(DATA BELOW Opens)
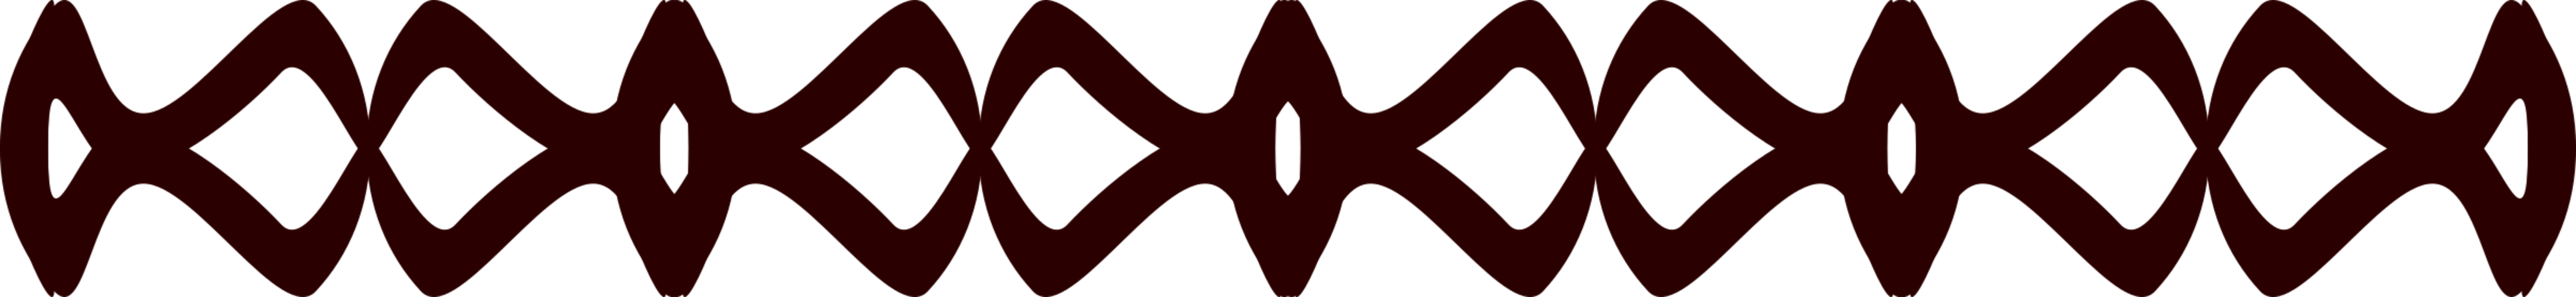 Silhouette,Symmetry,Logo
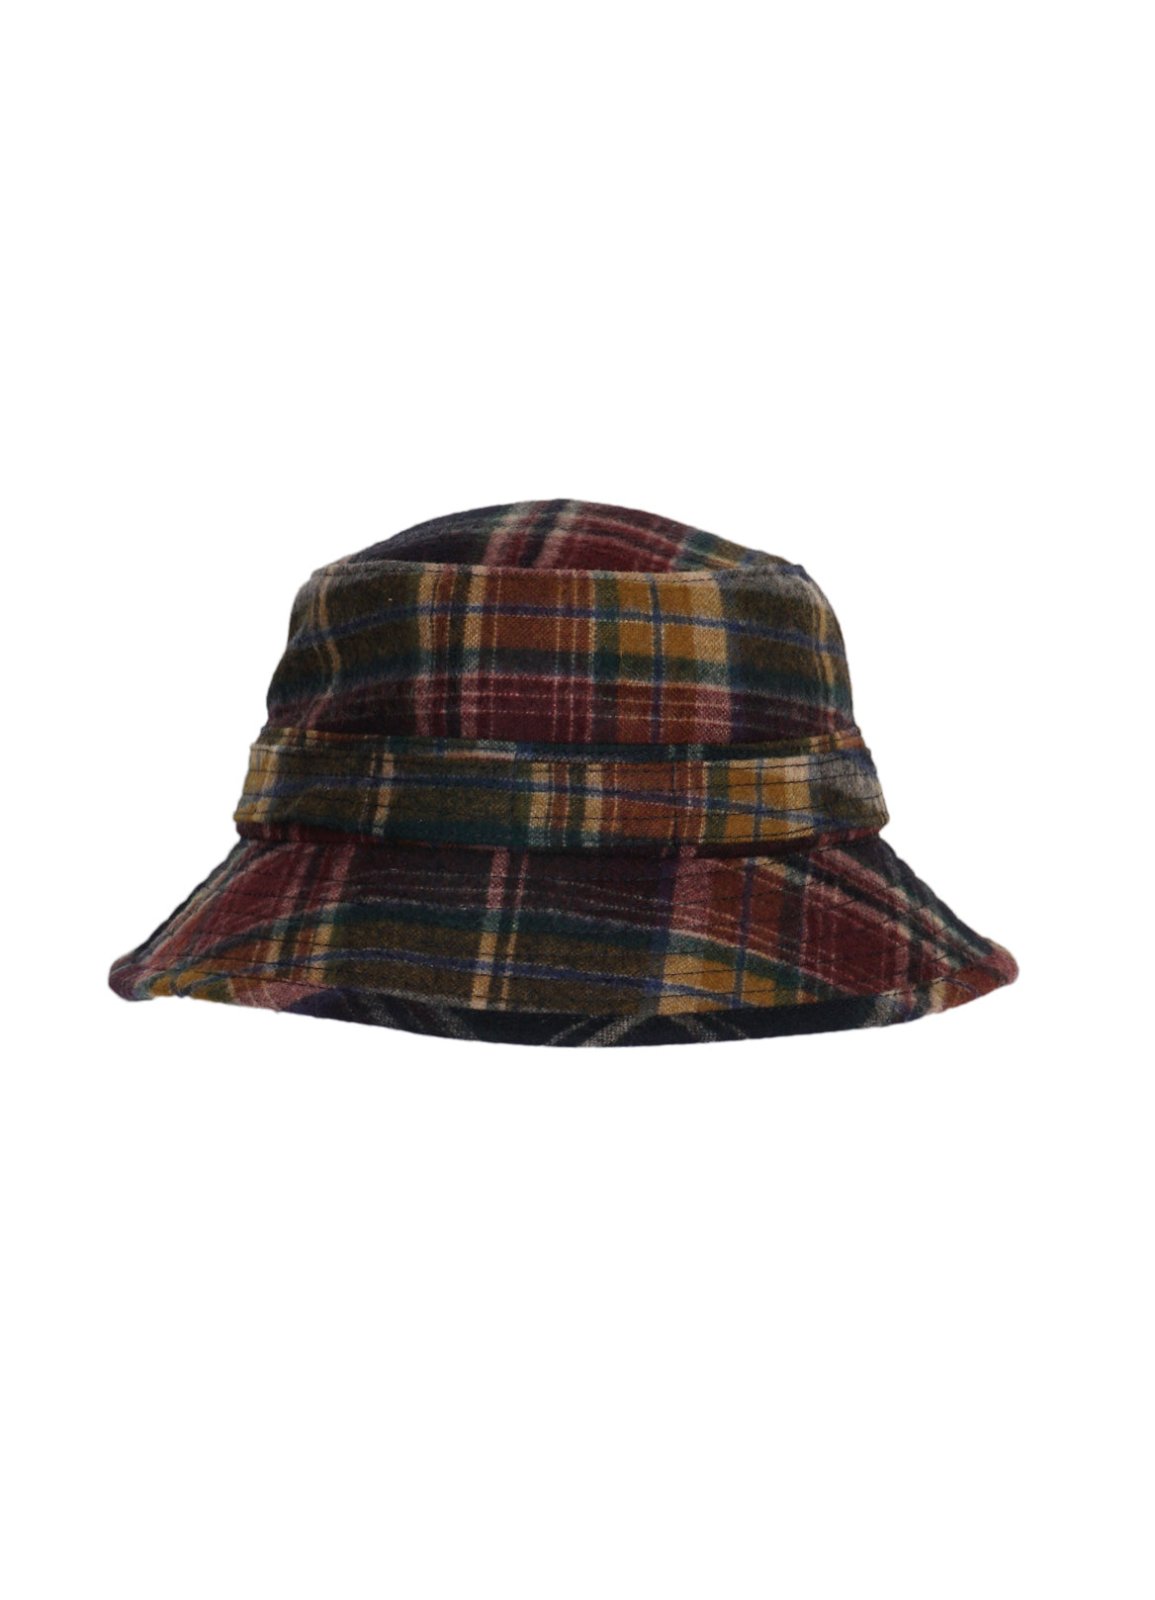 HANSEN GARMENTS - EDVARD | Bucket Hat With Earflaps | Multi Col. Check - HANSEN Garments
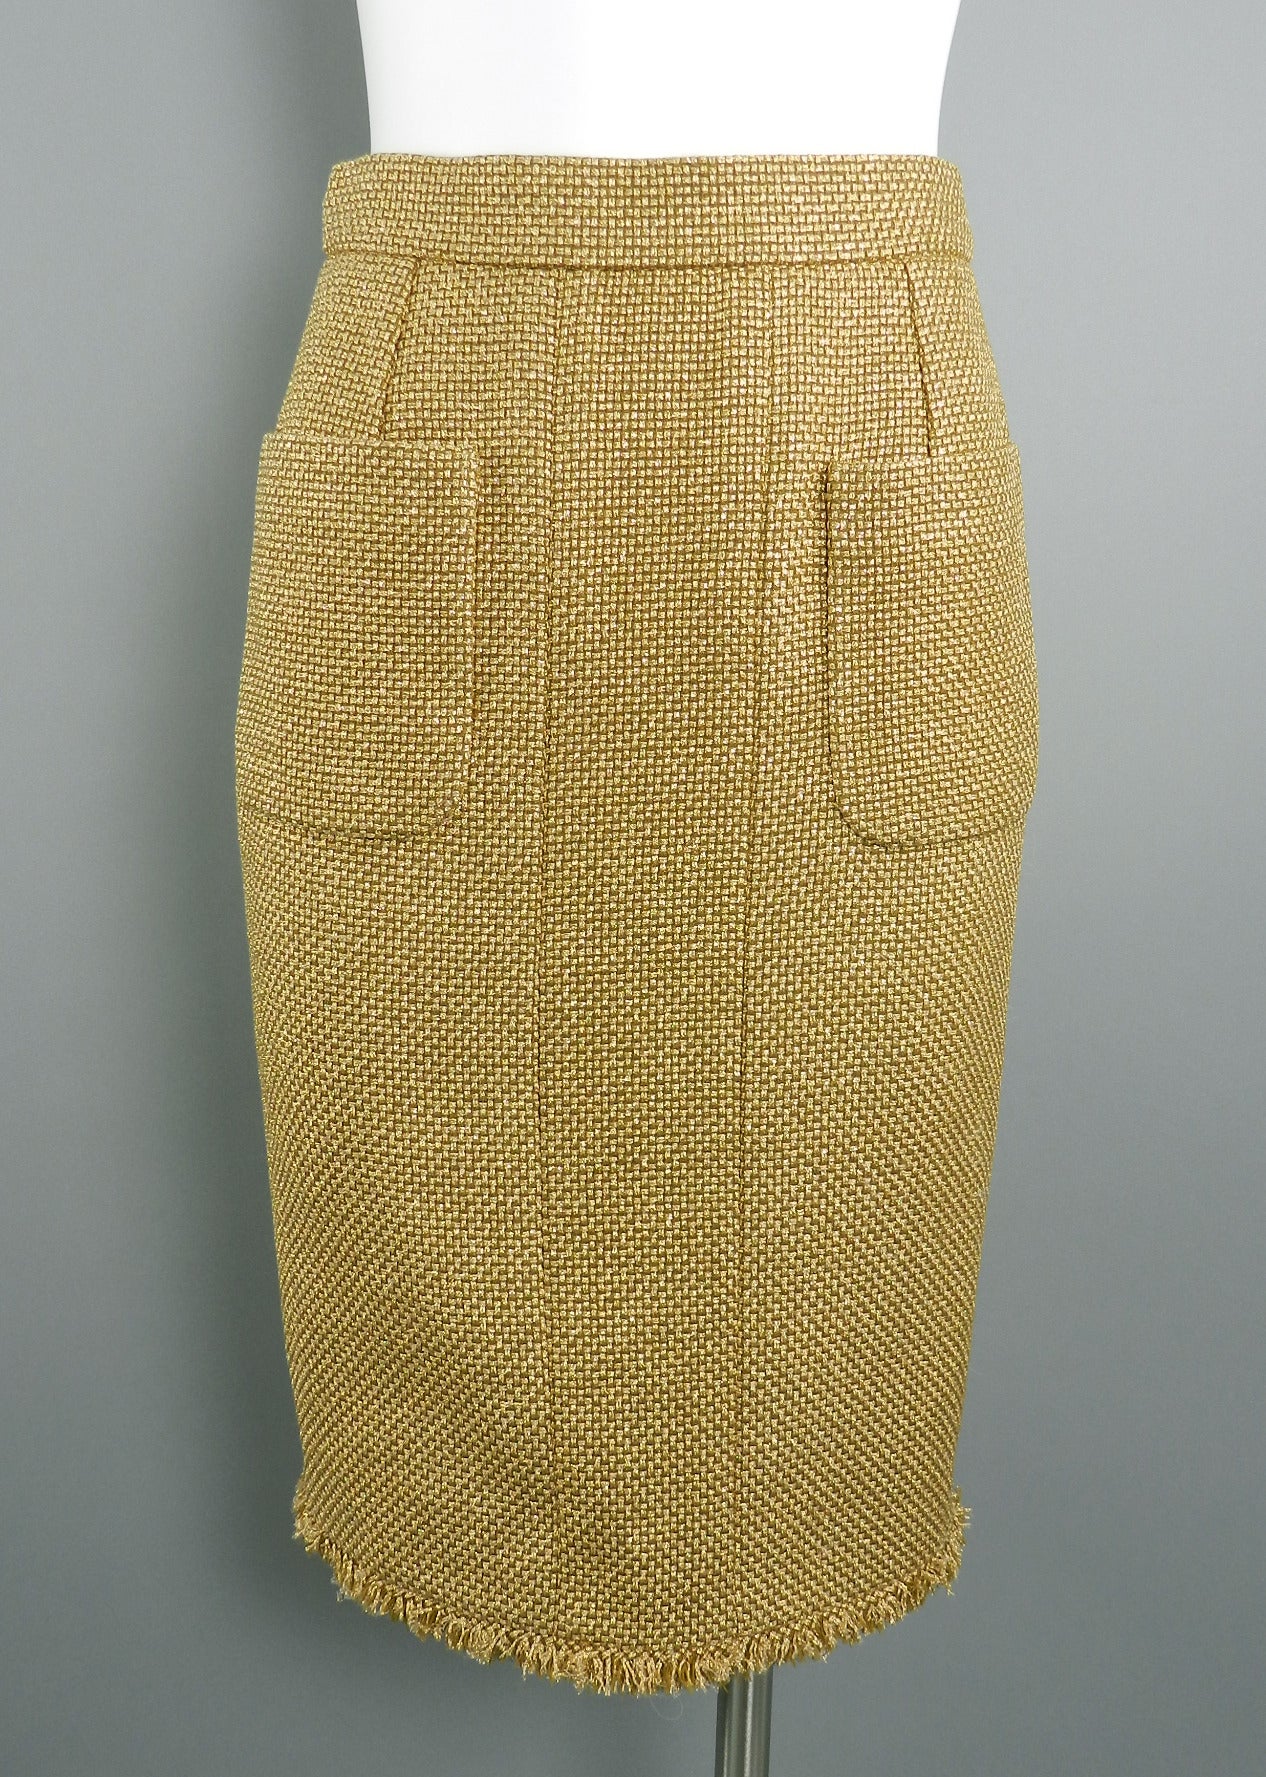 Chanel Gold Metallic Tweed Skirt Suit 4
(DATA BELOW Closes)
PROBLEM TO WORK ON — When an image appears in the data, skip it and output the rest exactly.

TASK OUTPUT —
 Silhouette,Symmetry,Logo
 HANSEN GARMENTS - EDVARD | Bucket Hat With Earflaps | Multi Col. Check - HANSEN Garments
 Chanel Gold Metallic Tweed Skirt Suit 4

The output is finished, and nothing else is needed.